As a possible starting point, the Fisher-Yates shuffle goes like this.

def swap(xs, a, b):
    xs[a], xs[b] = xs[b], xs[a]

def permute(xs):
    for a in xrange(len(xs)):
        b = random.choice(xrange(a, len(xs)))
        swap(xs, a, b)

Perhaps this will do the trick?

def derange(xs):
    for a in xrange(len(xs) - 1):
        b = random.choice(xrange(a + 1, len(xs) - 1))
        swap(xs, a, b)
    swap(len(xs) - 1, random.choice(xrange(n - 1))

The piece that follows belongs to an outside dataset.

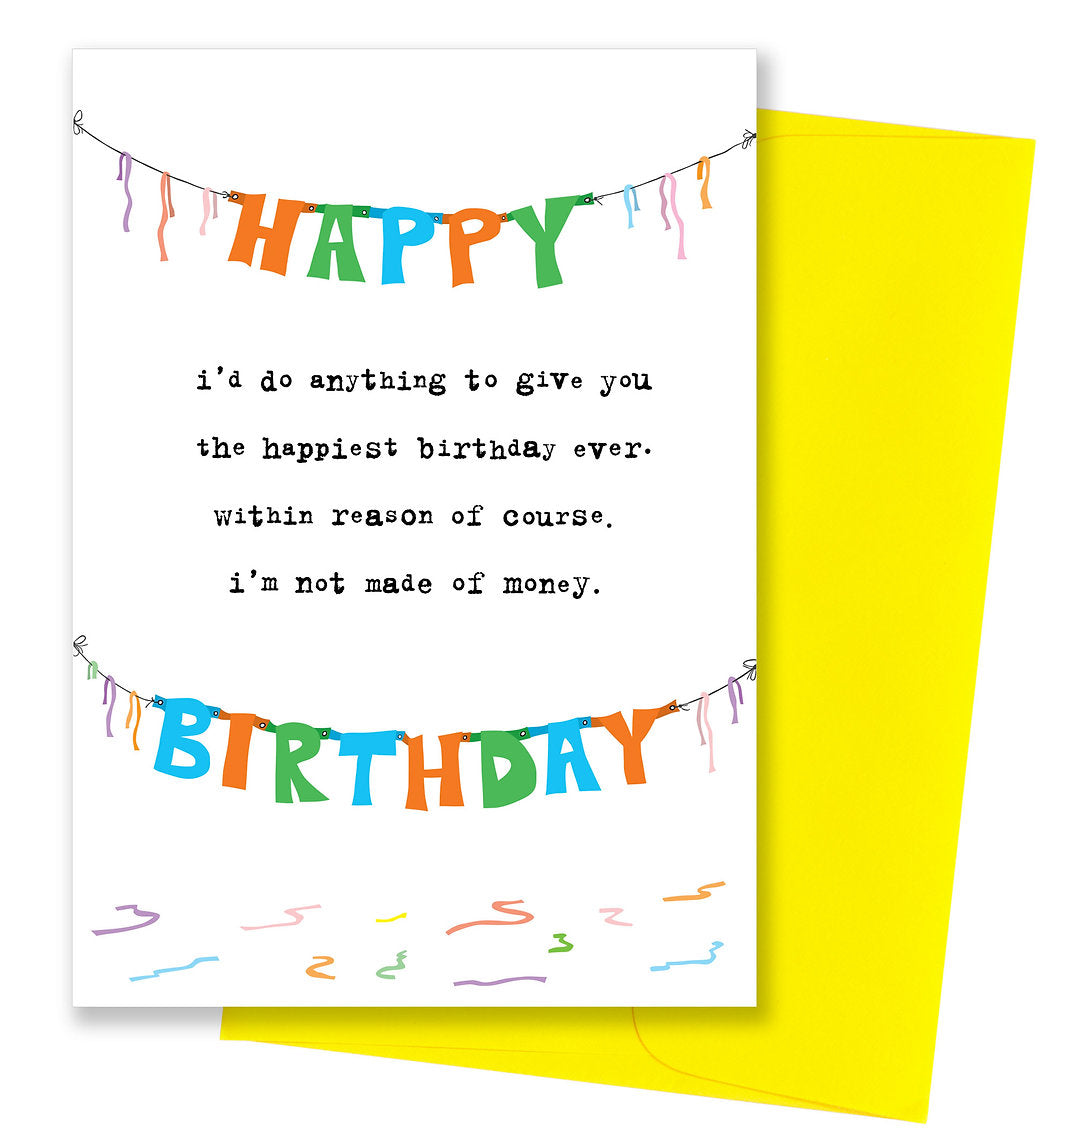 Happiest Birthday Ever - Birthday Card

Here's the version described by Vatine:

def derange(xs):
    for a in xrange(1, len(xs)):
        b = random.choice(xrange(0, a))
        swap(xs, a, b)
    return xs

A quick statistical test:

from collections import Counter

def test(n):
    derangements = (tuple(derange(range(n))) for _ in xrange(10000))
    for k,v in Counter(derangements).iteritems():
        print('{}   {}').format(k, v)

test(4):

(1, 3, 0, 2)   1665
(2, 0, 3, 1)   1702
(3, 2, 0, 1)   1636
(1, 2, 3, 0)   1632
(3, 0, 1, 2)   1694
(2, 3, 1, 0)   1671

This does appear uniform over its range, and it has the nice property that each element has an equal chance to appear in each allowed slot.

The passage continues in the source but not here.